• _Required action_:
Calculate how many lines in the following records hold the word "from", and report that number without comment.

(Collected data entries)

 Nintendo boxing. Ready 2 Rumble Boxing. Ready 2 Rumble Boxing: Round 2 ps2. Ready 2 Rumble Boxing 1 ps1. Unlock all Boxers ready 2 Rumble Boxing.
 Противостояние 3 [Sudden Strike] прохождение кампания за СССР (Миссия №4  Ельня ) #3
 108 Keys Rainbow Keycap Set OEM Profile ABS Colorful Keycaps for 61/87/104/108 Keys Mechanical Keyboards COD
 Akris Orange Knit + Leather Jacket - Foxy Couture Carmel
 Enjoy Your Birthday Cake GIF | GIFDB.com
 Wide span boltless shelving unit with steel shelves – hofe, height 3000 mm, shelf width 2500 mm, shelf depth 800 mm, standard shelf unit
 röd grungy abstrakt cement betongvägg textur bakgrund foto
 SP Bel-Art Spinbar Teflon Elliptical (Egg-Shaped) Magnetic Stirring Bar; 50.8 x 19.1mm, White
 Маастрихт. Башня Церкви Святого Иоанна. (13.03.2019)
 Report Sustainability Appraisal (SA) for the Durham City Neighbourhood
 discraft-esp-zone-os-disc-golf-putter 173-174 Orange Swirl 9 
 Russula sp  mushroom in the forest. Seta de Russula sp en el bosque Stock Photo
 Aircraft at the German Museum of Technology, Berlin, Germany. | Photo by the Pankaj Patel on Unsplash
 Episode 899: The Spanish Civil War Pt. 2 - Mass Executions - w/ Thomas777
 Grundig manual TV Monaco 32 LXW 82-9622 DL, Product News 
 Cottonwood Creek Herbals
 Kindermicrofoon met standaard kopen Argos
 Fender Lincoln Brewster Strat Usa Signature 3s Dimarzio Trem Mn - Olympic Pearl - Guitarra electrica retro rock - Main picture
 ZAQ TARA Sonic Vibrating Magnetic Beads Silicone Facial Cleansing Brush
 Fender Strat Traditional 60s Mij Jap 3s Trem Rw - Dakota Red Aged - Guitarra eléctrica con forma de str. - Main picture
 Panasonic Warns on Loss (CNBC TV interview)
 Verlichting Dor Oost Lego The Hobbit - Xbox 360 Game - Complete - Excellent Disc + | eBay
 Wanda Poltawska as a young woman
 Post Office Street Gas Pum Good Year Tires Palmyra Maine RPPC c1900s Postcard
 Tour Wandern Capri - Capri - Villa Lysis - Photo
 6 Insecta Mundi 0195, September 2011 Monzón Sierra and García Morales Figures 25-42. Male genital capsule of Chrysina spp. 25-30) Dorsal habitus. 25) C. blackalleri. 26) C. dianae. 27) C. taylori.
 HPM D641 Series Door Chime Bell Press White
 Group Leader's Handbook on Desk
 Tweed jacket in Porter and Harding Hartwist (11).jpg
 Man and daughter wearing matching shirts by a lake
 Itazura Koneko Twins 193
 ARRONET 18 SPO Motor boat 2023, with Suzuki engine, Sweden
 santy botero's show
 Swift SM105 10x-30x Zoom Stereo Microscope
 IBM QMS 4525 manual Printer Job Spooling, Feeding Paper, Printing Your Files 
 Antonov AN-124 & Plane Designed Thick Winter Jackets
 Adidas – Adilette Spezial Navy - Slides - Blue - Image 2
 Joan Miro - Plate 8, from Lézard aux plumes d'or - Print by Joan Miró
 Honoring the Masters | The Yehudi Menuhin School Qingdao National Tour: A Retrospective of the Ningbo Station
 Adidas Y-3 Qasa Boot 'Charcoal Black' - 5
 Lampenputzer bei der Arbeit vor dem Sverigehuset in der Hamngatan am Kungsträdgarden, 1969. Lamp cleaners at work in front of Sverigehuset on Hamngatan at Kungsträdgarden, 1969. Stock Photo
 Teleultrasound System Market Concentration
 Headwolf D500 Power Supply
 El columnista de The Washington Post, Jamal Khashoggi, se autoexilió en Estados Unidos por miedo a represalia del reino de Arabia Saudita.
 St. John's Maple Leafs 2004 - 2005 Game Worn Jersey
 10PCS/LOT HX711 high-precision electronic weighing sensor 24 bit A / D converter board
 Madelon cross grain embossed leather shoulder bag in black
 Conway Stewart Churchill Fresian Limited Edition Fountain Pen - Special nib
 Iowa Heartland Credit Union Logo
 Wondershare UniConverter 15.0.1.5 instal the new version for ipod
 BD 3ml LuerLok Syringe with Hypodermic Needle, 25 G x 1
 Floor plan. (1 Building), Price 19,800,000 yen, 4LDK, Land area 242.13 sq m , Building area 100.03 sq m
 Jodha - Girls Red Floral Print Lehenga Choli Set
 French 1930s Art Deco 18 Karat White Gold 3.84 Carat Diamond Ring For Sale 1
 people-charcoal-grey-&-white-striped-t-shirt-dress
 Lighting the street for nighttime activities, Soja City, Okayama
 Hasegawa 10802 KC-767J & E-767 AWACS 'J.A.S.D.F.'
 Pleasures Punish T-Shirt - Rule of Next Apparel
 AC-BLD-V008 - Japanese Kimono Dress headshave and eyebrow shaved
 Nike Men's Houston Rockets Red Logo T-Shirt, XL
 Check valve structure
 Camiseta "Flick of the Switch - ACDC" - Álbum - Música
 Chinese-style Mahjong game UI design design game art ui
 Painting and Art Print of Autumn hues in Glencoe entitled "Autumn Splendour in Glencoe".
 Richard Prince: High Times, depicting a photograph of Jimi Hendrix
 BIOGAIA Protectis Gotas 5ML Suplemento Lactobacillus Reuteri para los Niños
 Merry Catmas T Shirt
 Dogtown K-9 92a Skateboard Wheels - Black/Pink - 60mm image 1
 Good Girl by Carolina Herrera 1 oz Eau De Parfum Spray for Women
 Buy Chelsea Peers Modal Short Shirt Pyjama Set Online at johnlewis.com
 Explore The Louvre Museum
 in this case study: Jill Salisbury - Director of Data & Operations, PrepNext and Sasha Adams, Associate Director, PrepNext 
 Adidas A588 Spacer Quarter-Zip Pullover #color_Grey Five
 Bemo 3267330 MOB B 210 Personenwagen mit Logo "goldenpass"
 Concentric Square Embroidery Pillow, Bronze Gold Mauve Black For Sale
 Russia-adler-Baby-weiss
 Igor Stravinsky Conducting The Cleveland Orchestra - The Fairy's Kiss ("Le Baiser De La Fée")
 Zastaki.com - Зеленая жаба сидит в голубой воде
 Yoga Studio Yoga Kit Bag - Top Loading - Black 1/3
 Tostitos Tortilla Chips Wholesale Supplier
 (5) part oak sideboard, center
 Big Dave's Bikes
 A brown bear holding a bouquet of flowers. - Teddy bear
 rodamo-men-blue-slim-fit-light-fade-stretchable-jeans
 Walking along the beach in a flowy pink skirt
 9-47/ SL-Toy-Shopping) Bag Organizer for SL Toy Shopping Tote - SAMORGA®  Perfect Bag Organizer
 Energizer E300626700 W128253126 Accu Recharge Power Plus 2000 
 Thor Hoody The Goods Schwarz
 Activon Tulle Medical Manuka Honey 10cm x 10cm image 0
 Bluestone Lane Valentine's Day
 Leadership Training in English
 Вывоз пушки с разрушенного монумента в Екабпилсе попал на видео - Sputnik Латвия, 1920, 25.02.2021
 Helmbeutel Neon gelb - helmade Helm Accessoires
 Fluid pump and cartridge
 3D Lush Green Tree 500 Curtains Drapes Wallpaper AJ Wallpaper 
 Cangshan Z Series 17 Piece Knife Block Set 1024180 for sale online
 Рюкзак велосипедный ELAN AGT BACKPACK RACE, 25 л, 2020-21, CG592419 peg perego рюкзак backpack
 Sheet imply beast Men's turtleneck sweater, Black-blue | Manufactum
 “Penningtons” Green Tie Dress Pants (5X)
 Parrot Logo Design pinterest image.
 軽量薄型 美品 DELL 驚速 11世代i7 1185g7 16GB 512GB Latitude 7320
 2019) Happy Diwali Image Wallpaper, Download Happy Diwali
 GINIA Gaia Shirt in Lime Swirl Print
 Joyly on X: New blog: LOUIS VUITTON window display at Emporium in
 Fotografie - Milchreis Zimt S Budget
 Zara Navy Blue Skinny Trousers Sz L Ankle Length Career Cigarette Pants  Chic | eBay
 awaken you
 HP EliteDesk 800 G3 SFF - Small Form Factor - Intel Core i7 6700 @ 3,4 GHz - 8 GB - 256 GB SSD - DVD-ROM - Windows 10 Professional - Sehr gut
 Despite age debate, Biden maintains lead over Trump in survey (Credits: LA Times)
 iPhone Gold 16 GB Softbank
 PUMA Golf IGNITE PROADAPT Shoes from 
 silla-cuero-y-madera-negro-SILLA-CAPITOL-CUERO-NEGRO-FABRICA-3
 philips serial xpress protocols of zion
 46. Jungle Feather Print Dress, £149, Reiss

• _Problem solution_:
2